The hospital entrusted the aunt and uncle with the infant after conducting a DNA test to ensure they were truly related to the little girl, a hospital official told CP. The baby stayed at the hospital for two weeks until the paperwork for the adoption was complete. 

As The Christian Post reported, it's unknown if the newborn's mother went into labor while she was stuck in the ruins. In addition to her mother, the baby girl's father, Abdullah, and four siblings all died. 

In a statement earlier this month to Agence France-Press, Hani Maarouf, a pediatrician at the Afrin-based clinic where the baby was first brought to, reported that the little girl was initially in bad health but now is now in a stable condition. 

"She had several bruises and lacerations all over her body," Maarouf said. "She also arrived with hypothermia because of the harsh cold. We had to warm her up and administer calcium." 

The baby's uncle told AFP that he and the rescuers heard a voice while digging through the wreckage. Video footage of the baby being recovered shows a man holding a baby covered in dust in his arms, with another man giving him a blanket to warm the infant. 

In a separate statement to AP, Maarouf said that the newborn weighed roughly 7 pounds and was carried nearly to term. 

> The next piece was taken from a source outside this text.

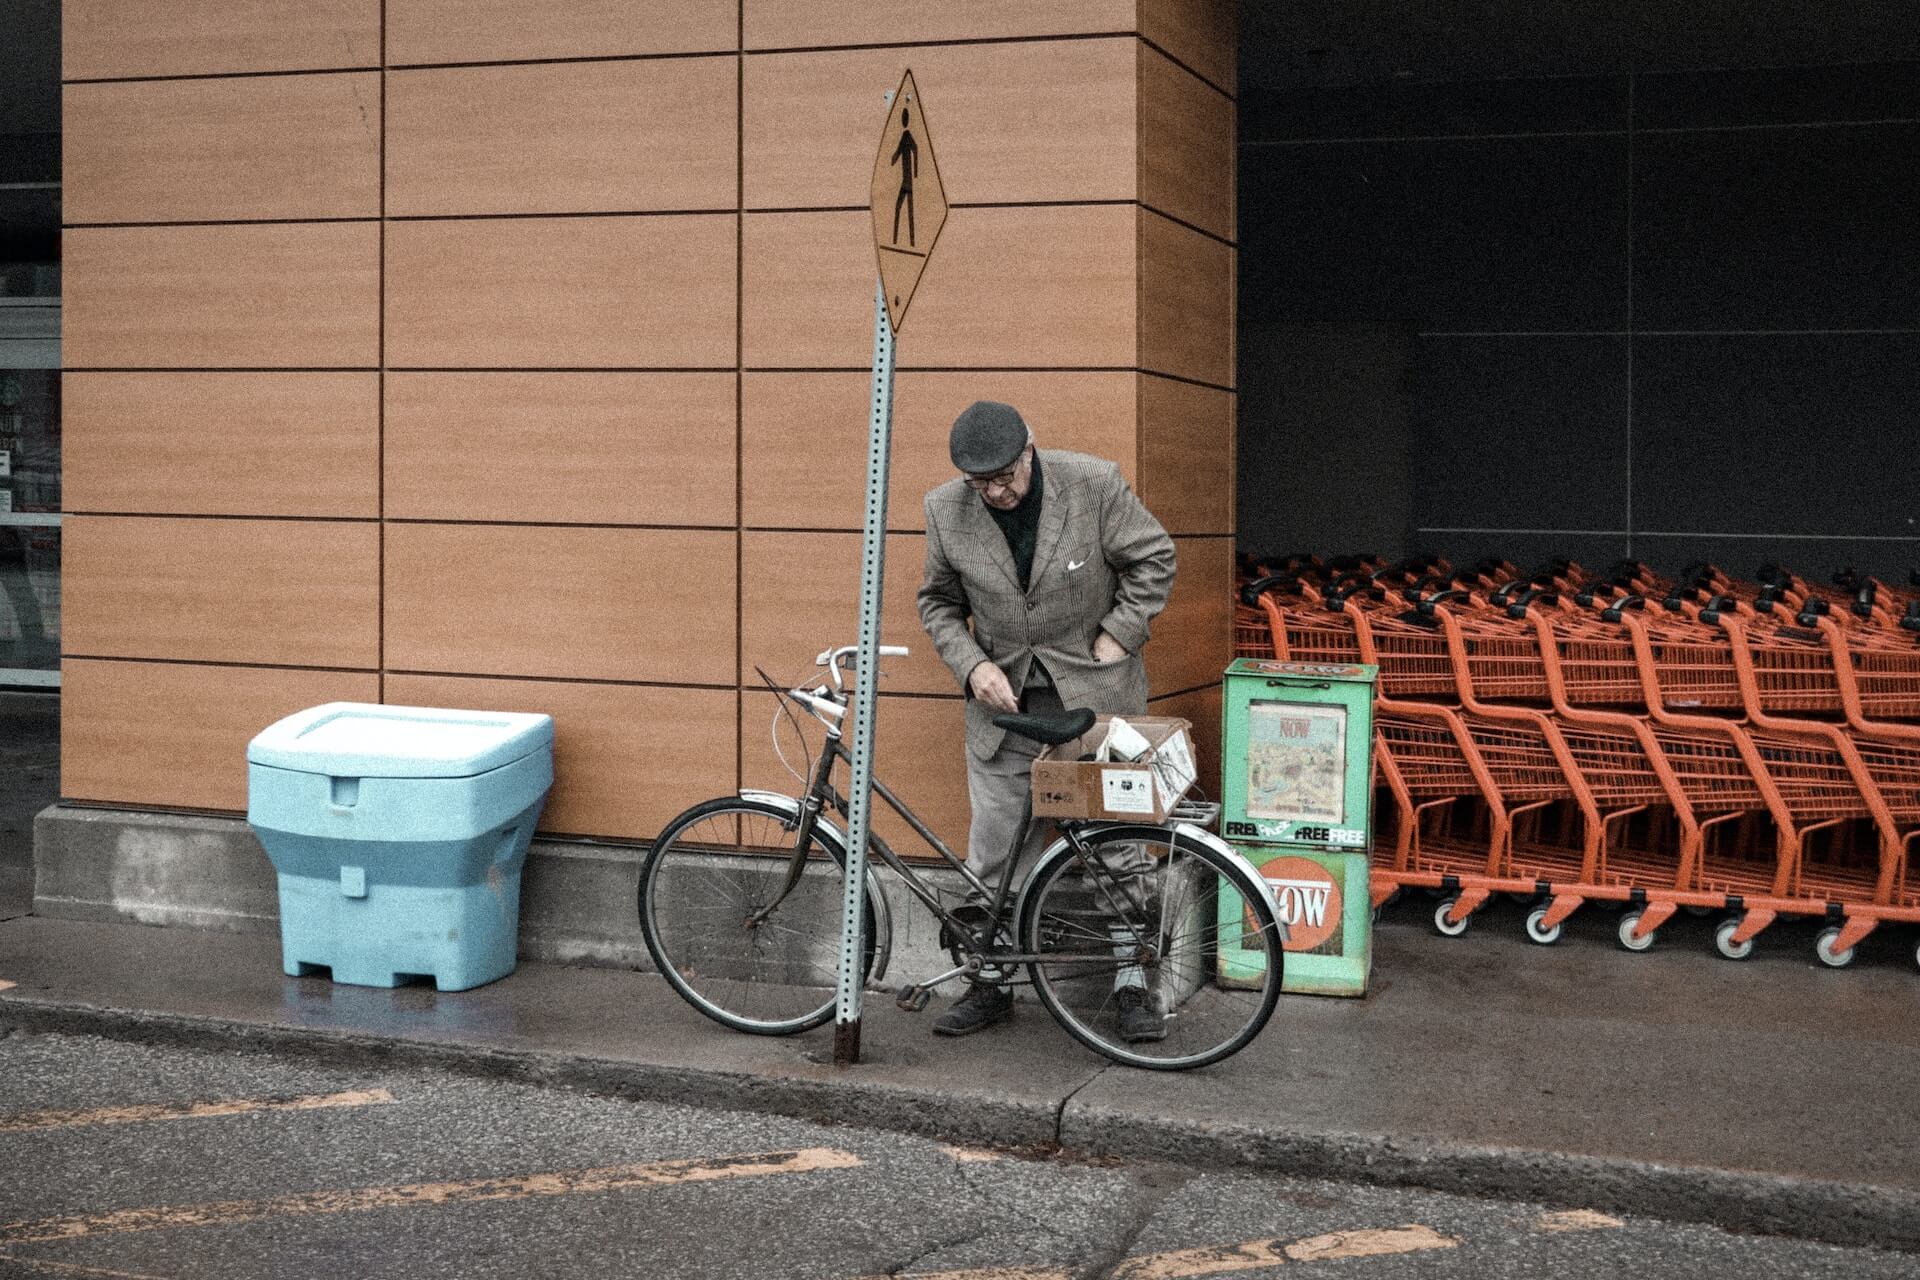 An older person parking their bicycle

"Our only concern is the bruise on her back, and we have to see whether there is any problem with her spinal cord," he said.

On Friday, the country's Disaster and Emergency Management Authority (AFAD) reported that the latest death toll in Turkey and Syria has passed 50,000. In Turkey, 44,218 people died as a result of the disaster, while the death toll in Syria was 5,914. 

The earthquake that struck the region on Feb. 6 measured a magnitude of 7.6.